The voice echoes in my head – faint, like a distorted whisper coming from a child playing hide-and-seek.

Palka.

We are lost. Flee.

Quick and snappy, curt commands coming from a leader that’s given up. Is that really it for you, Palka? Are you so afraid of feeling the sting of a human’s blade again?

The mosaics that once adorned the walls of the shrine interior are scorched and scarred – long, thick cuts drawn across their once resplendent images. I see more Seedlings as I push forward, those the Glenmaidens must have managed to repel as they were pushed back, slowly retreating towards Palka’s lair.

The image of them lying outside, fading away like that…

And Swift…

He…he didn’t deserve that.

What had he done to you, Thorn? Except for shepherd me?

Are they all nothing but cattle to you? meat to be carved up and slaughtered when they get in your way?

Is that what humans are really like?

These questions I decide I’ll ask him myself, and when I find that I’ve already bumped into the door leading to the elevator shaft, I cleave through it with a [Swallow Swipe] and charge, seeing my attack slice apart four Seedlings on the other side of the door.

Then I see him standing there, looking down on the last Glenmaiden guard.

“A valiant effort,” he’s saying as he wipes minuscule beads of sweat from his forehead. “But entirely in vain. Now, if you would be so kind as to open the locks on this contraption, I will spare your miserable-“

“THORN!”

My bellow is channeled into a [Bark] that sends him flying back, and I let loose a [Glittering Thrust] that smacks into his form as he crashes into the far wall for good measure.

Staring at the smoky haze where he must have fallen, I bark down at the Glenmaiden.

“Can you stand?”

From out the corner of my eyes, I see she nods.

“Then go!” I command. “Get to the entrance with the others and run. Leave this to the Lightborn.”

She rises unsteadily, her eyes fixed on my panting, puffing form.

“Palka be with you,” she says.

“Go!”

I shift my attention to the glowing orbs still floating above the dias and huff.

Hope you’re watching this, Palka. This Lightborn isn’t running away. Not anymore.

“Exemplary,” comes a gruff voice from the smoke-filled end of the chamber. “I see Seneca underestimated you once again. How sad for her.”

A flash of air.

He’s behi-!

I manage to turn and meet his onyx blade as it flashes through the air and seeks the back of my neck. He presses down, pushing me back into the elevator proper.

And just like that, the room’s become an arena.

Our eyes lock.

“You know what?” he says. “This is what I regret, Raziel. I regret never looking in your eyes and seeing how your failure must have felt.”

His dark pupils elongate, and I feel my paws strain with the effort of keeping me upright.

“Do you remember that night?” he asks. “Is there any part of you that recalls the moment when everything you built fell apart?”

[Glittering Thrust]

The sudden burst of energy from my blade sends him reeling back, and I follow it up with a vertical slice that he blocks with a single gauntleted hand.

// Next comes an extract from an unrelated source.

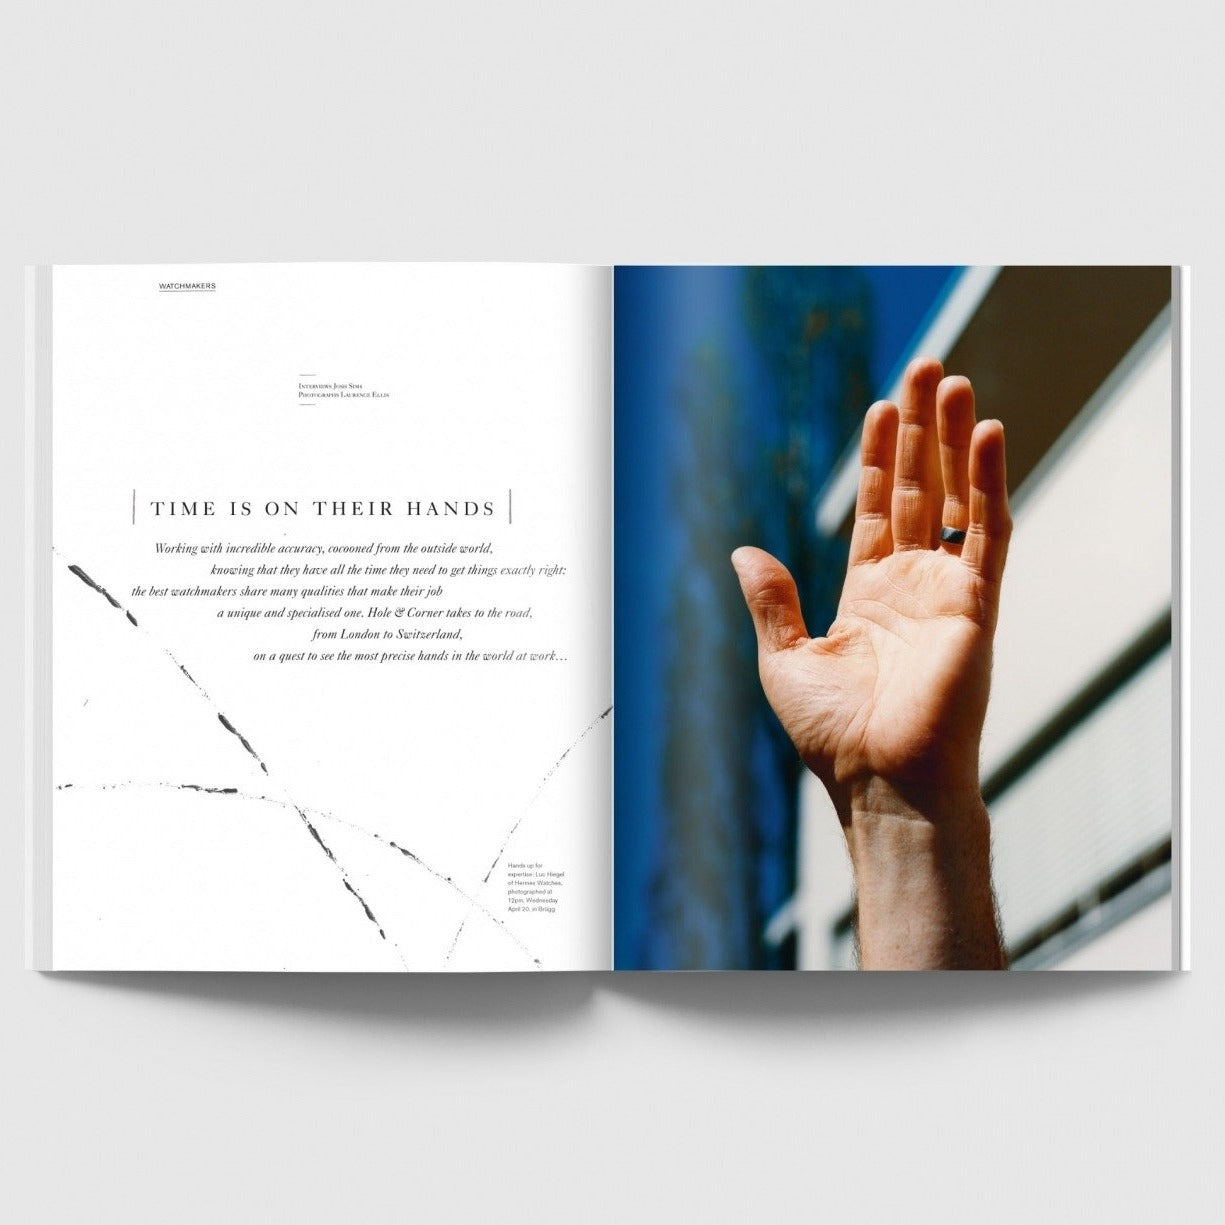 Issue 09: Movement

“You,” I growl. “Killed them…all!”

“Good,” he replies, stone-faced as a gravestone. “The need for vengeance still burns in you. You may have it then – the chance you were denied on that night. The chance to take my head.”

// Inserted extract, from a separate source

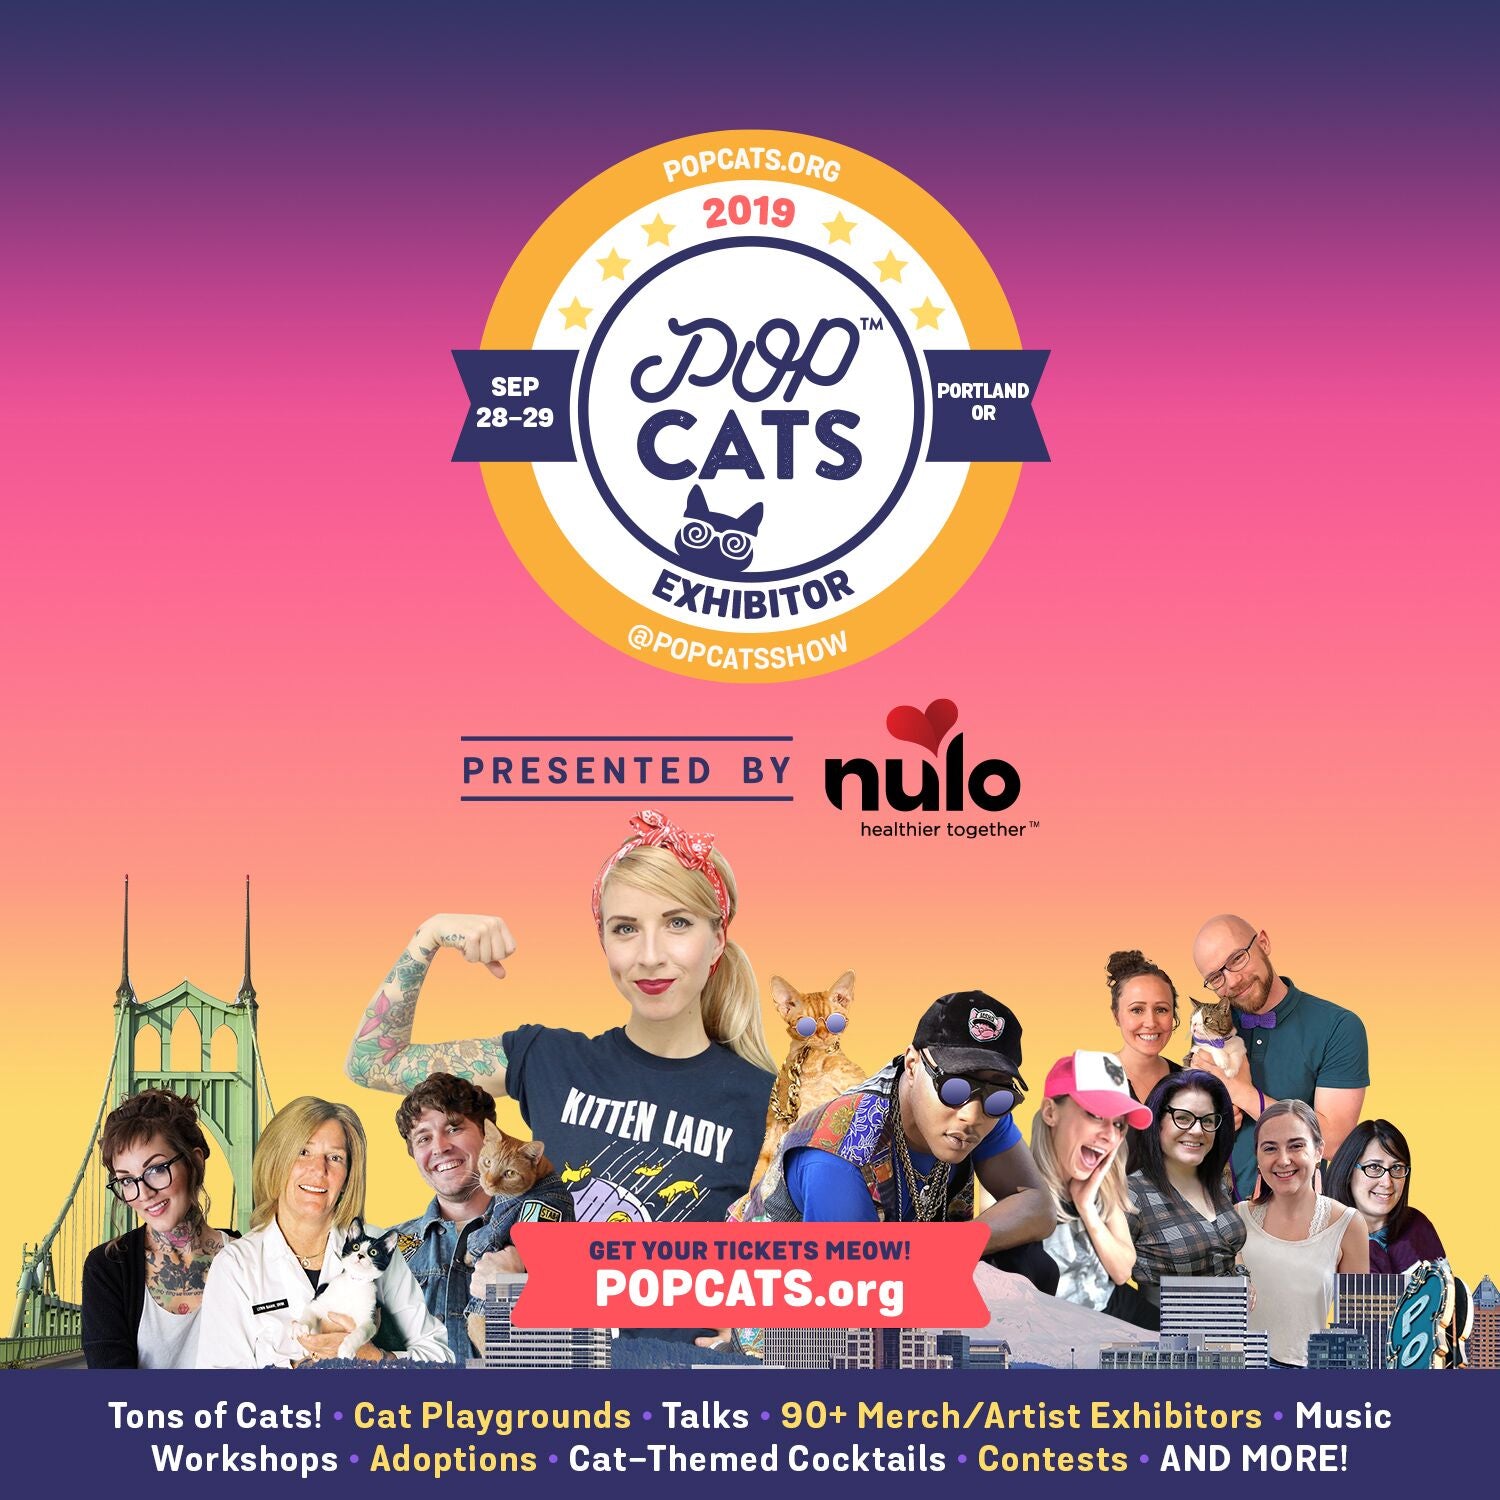 Cat-Guardians with Cats that Road Trip, Hike Mountains, and Visit Markets to Challenge “Scaredy-Cat” Stereotype at “POP Cats” Panel Moderated By Your Cat Backpack

We break apart and move back, training the tips of both our blades on the other, circling like two predators locked in a battle over their prey.

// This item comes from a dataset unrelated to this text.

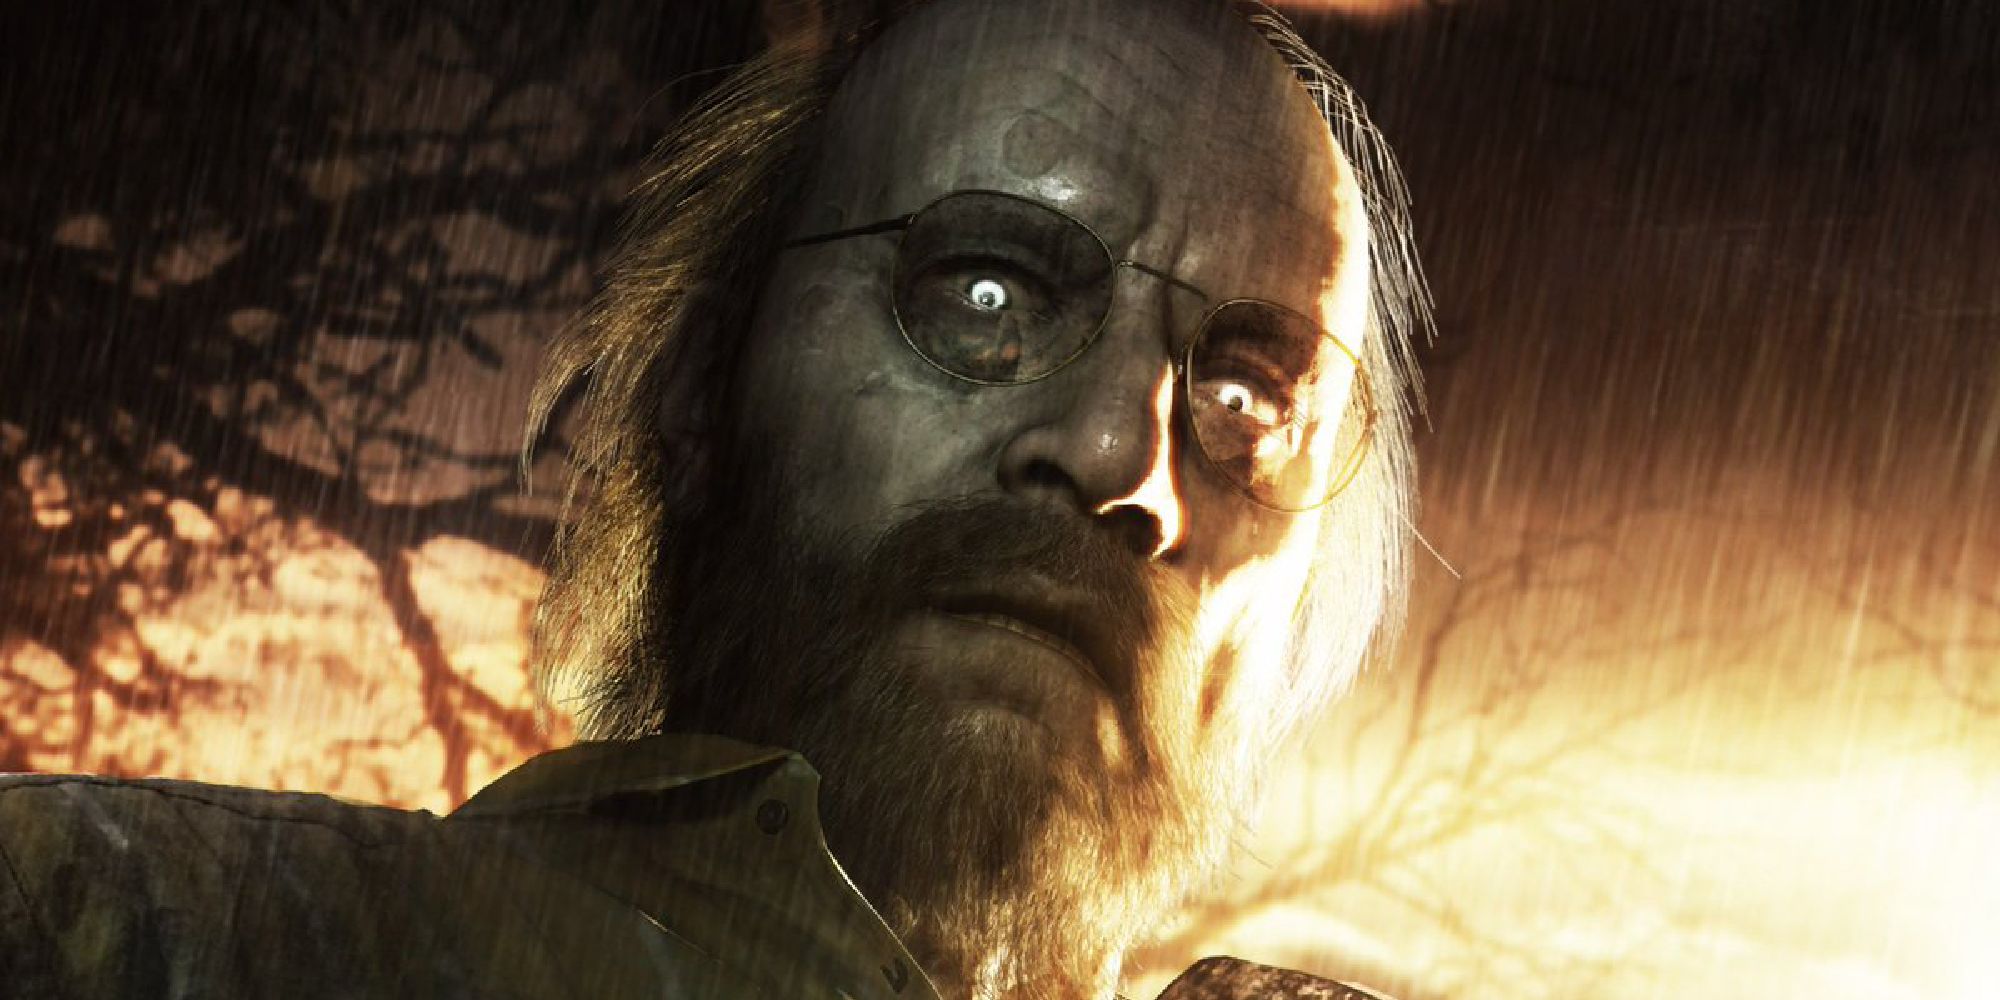 Jack Baker from Resident Evil, looking down at the camera with glowing, piercing eyes.

“I’m not who you think I am,” I bark. “Your beef with the old Lightborn’s got nothing to do with me – or anyone living here!”

“So long as the Lightborn lives,” Thorn replies. “This world will never have peace.”

“What?”

The earth shakes above us as more boulders crash into Glenheim’s walls, sending them crumbling down.

“You know nothing of them,” Thorn says with a wry grin. “The Greycloaks. You are an accident. A mistake of nature. Even you must know that you are not meant for this world.”

I twirl the sword in my mouth and meet his dead-eyed stare.

“I’m not going anywhere.”

His grin widens. Though there’s no joy behind it.

“Come then,” he says. “Let us see what the new Lightborn can do.”